On turn forty of a long chat, your agent suddenly forgets the user's name — or the API rejects the request outright with "too many tokens." Nothing broke in your code. You simply tried to put more on the desk than the desk can hold. Every model has a hard limit, and once the conversation crosses it, something has to come off.

The context window is that desk: a fixed amount of room measured in tokens. Everything the model reads on a turn — the system prompt, every past message, the tool results — has to lie on the desk at once, because the model has no memory between calls. It only knows what you hand it this turn. So when the history grows past the budget, you don't get to keep it all; you choose. And the cheap, reliable heuristic is recency: the newest messages usually carry the live intent, so you keep the newest that fit and slide the oldest off the edge.

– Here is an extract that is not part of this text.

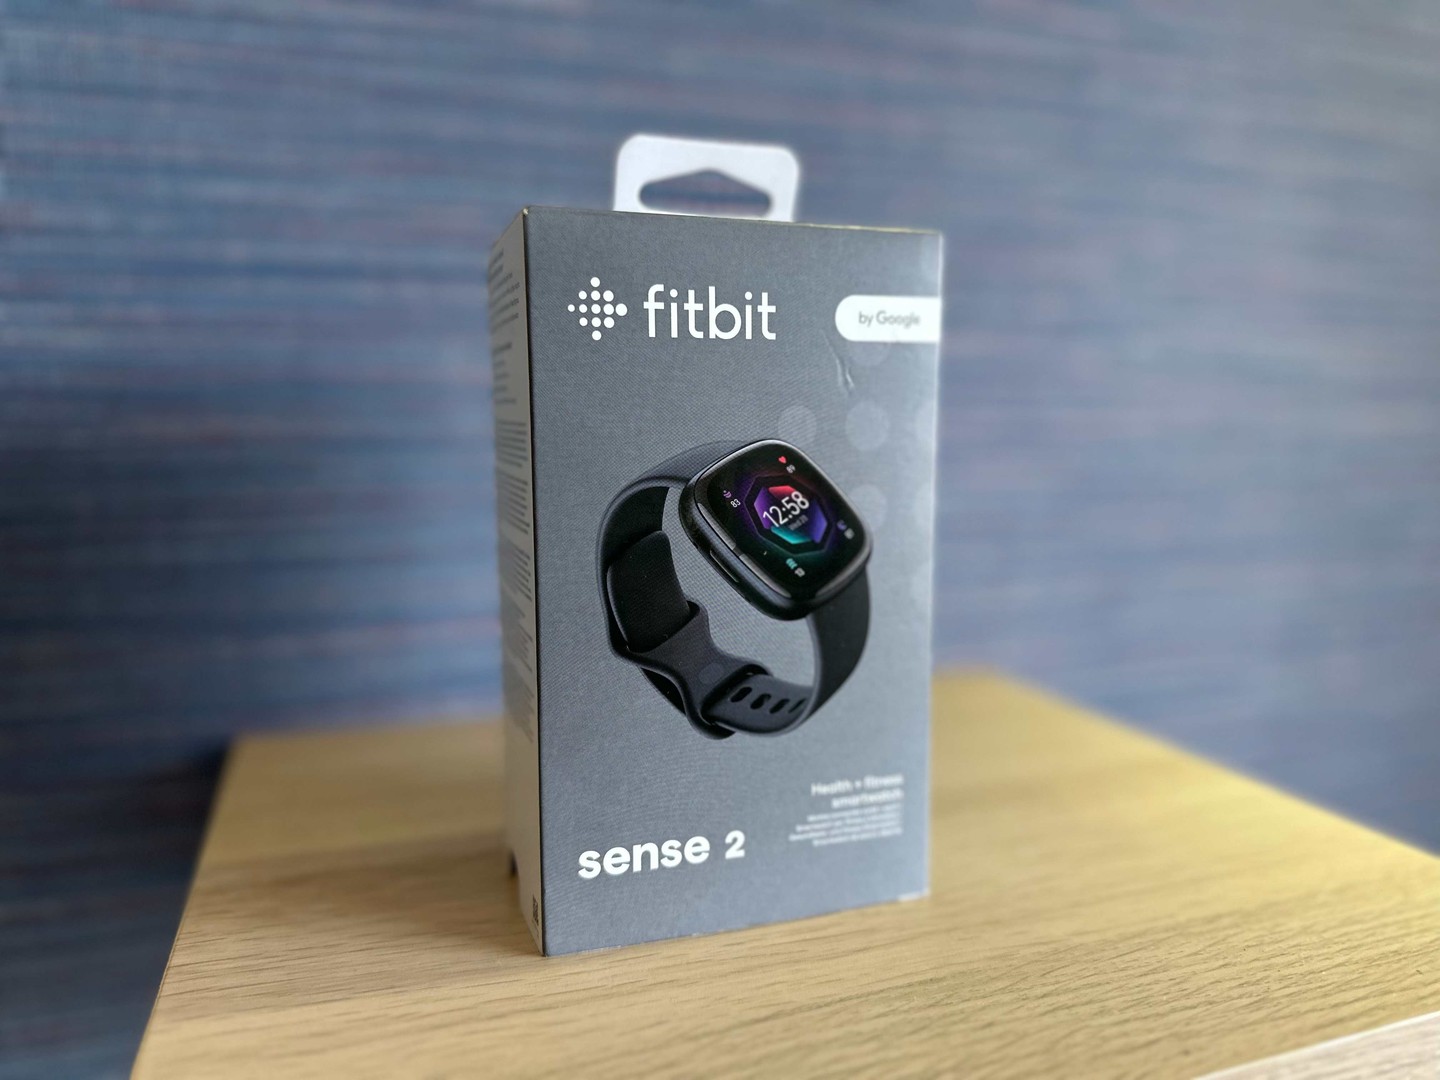 accesorios para electronica - Reloj Fitbit Sense 2 by Google (2022) Nuevo Sellado, Garantía,$ 10,900 NEG
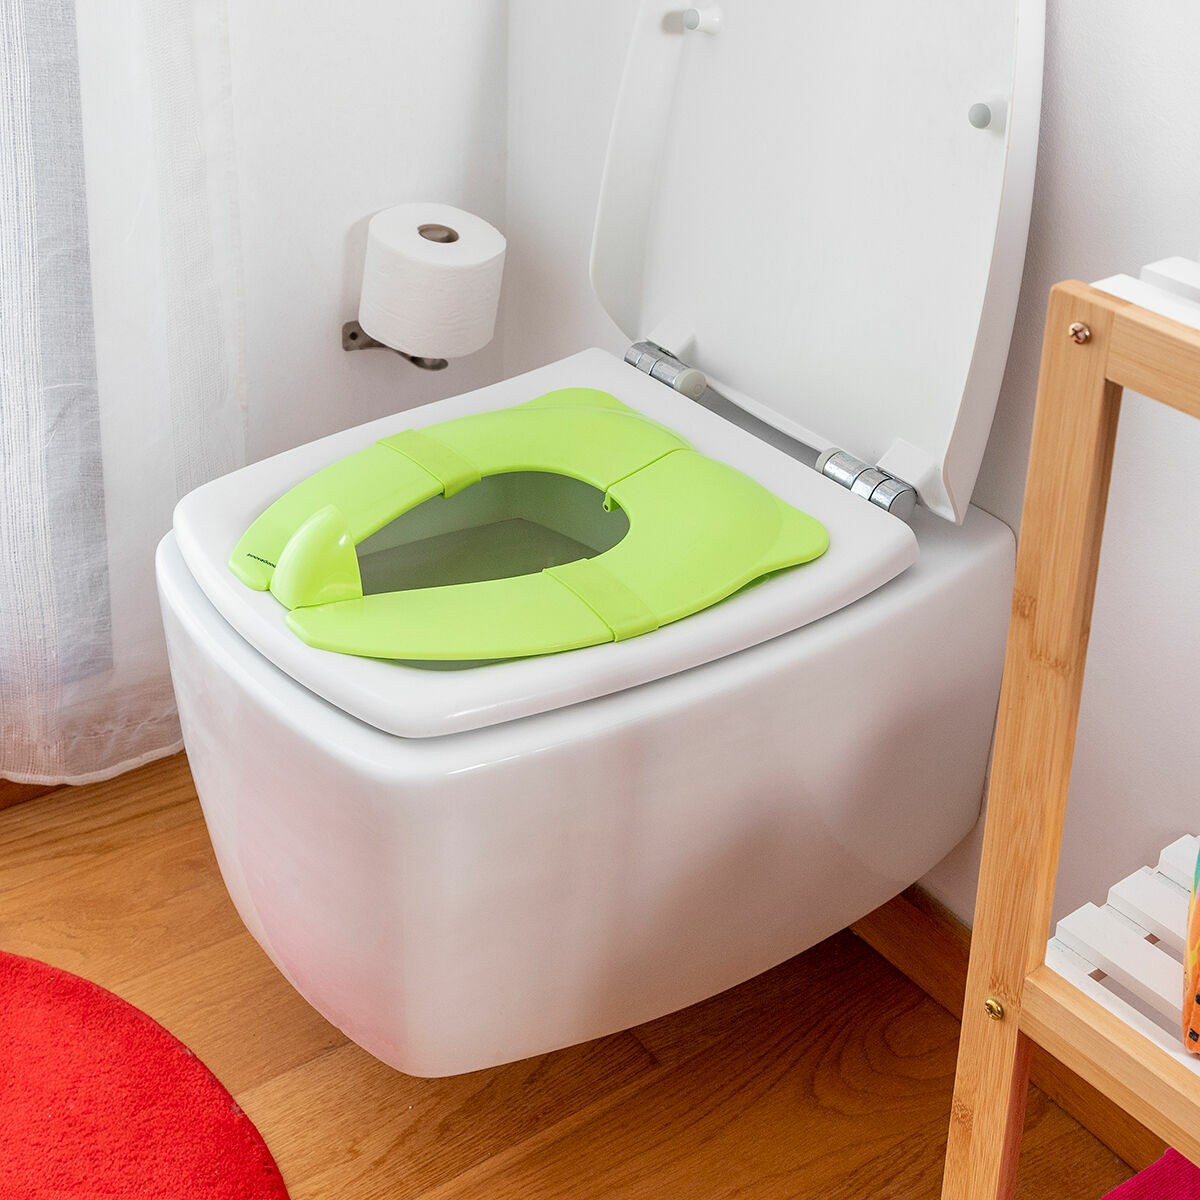 basisago Réducteur de toilette pour enfants, siège de toilette pliable pour  bébé, coussin doux interchangeable, protection anti-éclaboussures, design

Concretely, imagine a 100-token desk and four messages: a 30-token system line, a 20-token question, a 25-token reply, and a fresh 40-token question. Walking newest → oldest, you take the 40, then the 25 (65), then the 20 (85) — and the 30-token system line would push you to 115, so it falls off. You kept 3 of 4 and spent 85/100. The most recent turn survives; the stale instruction is sacrificed.

This is the first lever every agent pulls, and getting it wrong is expensive both ways: keep too much and the request errors out or costs more; drop too aggressively and the agent loses the thread. The later lessons in this track all exist because plain keep/drop is lossy — but you have to master the budget before you can be clever about it.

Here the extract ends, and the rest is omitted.